### [Exercise objective]
In the data below, find the line containing "Alfa Romeo 4C interior - Cockpit", then set down that line and every later line up to and including the line containing "Mann Jagd Fisch", exactly.

Top of Recorded data

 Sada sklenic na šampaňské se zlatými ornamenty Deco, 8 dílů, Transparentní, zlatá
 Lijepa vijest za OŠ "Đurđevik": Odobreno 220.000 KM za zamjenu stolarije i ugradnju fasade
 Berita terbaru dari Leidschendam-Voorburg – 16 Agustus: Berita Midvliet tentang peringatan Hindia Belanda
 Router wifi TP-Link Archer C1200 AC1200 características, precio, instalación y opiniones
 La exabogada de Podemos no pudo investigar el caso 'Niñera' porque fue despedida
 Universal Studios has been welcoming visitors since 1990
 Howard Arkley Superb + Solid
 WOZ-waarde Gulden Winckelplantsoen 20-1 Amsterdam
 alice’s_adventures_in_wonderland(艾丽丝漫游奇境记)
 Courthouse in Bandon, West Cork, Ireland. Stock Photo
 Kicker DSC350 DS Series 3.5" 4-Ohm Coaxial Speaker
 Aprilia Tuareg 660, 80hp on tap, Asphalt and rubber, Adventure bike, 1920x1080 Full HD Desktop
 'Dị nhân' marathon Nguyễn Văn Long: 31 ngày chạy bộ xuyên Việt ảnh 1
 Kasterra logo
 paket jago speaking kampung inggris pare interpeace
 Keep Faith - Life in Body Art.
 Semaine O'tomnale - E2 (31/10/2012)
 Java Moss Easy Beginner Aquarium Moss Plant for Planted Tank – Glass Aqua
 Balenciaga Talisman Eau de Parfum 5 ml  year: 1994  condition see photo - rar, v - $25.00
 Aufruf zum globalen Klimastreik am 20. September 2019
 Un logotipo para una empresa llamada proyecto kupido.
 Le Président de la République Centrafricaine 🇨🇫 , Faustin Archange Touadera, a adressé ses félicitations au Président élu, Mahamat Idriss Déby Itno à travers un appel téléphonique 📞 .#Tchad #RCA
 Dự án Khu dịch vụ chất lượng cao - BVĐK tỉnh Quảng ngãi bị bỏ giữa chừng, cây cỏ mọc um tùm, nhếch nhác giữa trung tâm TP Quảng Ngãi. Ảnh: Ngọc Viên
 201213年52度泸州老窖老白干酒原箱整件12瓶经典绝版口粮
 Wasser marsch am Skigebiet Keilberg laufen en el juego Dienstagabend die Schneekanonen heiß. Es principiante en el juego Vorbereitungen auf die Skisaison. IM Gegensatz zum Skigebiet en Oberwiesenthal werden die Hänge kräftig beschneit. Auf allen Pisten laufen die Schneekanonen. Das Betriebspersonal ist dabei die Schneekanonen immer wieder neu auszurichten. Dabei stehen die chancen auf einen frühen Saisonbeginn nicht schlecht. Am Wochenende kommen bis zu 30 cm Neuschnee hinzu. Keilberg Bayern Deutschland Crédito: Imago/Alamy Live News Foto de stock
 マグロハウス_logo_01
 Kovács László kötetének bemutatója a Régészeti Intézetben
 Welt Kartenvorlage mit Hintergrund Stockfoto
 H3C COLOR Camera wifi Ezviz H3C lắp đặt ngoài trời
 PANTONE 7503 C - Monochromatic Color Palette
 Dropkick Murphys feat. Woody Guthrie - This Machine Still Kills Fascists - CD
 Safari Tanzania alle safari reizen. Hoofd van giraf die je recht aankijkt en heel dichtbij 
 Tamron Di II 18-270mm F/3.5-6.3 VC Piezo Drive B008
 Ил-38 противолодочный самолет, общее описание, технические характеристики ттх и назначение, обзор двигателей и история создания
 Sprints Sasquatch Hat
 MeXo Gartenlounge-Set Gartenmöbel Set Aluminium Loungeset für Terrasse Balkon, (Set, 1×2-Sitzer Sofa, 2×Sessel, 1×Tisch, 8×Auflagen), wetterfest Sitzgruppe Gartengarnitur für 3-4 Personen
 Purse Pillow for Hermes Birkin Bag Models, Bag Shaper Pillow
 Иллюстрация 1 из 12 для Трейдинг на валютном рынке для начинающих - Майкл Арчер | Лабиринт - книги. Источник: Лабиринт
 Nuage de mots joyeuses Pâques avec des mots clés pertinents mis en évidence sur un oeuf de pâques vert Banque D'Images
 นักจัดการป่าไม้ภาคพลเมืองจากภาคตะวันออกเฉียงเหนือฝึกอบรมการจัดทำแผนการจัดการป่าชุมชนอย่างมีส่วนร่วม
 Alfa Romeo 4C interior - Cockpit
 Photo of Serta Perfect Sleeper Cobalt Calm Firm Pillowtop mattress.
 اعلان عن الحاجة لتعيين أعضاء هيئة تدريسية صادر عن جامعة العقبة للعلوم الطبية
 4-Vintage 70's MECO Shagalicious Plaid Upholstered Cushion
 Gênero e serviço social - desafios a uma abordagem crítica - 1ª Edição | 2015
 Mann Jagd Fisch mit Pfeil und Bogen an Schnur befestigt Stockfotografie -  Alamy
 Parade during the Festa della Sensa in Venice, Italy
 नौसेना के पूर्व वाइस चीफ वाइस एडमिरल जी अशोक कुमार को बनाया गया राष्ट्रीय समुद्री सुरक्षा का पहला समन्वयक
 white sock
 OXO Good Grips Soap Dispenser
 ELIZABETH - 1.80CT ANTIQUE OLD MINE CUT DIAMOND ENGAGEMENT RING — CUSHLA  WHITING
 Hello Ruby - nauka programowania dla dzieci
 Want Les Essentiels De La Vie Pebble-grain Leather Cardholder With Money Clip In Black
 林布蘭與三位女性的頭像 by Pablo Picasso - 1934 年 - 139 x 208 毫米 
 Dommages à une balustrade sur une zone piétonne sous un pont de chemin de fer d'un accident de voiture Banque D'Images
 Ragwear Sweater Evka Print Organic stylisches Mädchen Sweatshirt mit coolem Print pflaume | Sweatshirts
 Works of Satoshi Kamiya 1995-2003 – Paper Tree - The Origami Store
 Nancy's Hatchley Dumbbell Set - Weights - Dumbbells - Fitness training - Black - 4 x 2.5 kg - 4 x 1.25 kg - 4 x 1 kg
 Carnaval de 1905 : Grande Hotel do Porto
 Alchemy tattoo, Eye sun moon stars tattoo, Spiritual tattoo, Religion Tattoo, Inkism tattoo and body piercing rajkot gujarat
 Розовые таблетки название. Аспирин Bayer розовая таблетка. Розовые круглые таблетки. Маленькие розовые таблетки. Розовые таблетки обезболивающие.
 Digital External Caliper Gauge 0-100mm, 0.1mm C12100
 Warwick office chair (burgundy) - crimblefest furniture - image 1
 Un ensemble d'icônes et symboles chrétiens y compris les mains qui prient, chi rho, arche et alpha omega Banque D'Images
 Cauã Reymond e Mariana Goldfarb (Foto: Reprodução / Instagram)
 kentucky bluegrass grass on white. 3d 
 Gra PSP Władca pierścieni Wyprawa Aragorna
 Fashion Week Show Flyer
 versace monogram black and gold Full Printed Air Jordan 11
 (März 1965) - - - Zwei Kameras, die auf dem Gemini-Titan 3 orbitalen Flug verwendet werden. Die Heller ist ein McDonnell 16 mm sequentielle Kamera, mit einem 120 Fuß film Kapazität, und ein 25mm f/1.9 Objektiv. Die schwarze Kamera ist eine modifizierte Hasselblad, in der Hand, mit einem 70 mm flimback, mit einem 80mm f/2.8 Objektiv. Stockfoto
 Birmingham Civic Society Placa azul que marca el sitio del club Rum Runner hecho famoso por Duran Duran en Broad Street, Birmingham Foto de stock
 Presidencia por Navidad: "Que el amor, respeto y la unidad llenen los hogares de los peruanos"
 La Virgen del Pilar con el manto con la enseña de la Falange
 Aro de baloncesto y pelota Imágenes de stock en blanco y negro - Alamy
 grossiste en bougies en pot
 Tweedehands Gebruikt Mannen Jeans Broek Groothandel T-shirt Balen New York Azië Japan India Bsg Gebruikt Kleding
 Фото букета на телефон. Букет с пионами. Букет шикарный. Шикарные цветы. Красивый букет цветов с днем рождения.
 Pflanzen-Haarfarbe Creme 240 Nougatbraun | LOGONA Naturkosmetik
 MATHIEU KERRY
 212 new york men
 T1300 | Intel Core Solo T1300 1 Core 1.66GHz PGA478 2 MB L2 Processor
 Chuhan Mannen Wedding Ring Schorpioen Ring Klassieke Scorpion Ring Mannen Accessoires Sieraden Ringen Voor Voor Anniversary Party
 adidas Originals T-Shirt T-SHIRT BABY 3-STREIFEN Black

Bottom of Recorded data

### [Task answer]
 Alfa Romeo 4C interior - Cockpit
 Photo of Serta Perfect Sleeper Cobalt Calm Firm Pillowtop mattress.
 اعلان عن الحاجة لتعيين أعضاء هيئة تدريسية صادر عن جامعة العقبة للعلوم الطبية
 4-Vintage 70's MECO Shagalicious Plaid Upholstered Cushion
 Gênero e serviço social - desafios a uma abordagem crítica - 1ª Edição | 2015
 Mann Jagd Fisch mit Pfeil und Bogen an Schnur befestigt Stockfotografie -  Alamy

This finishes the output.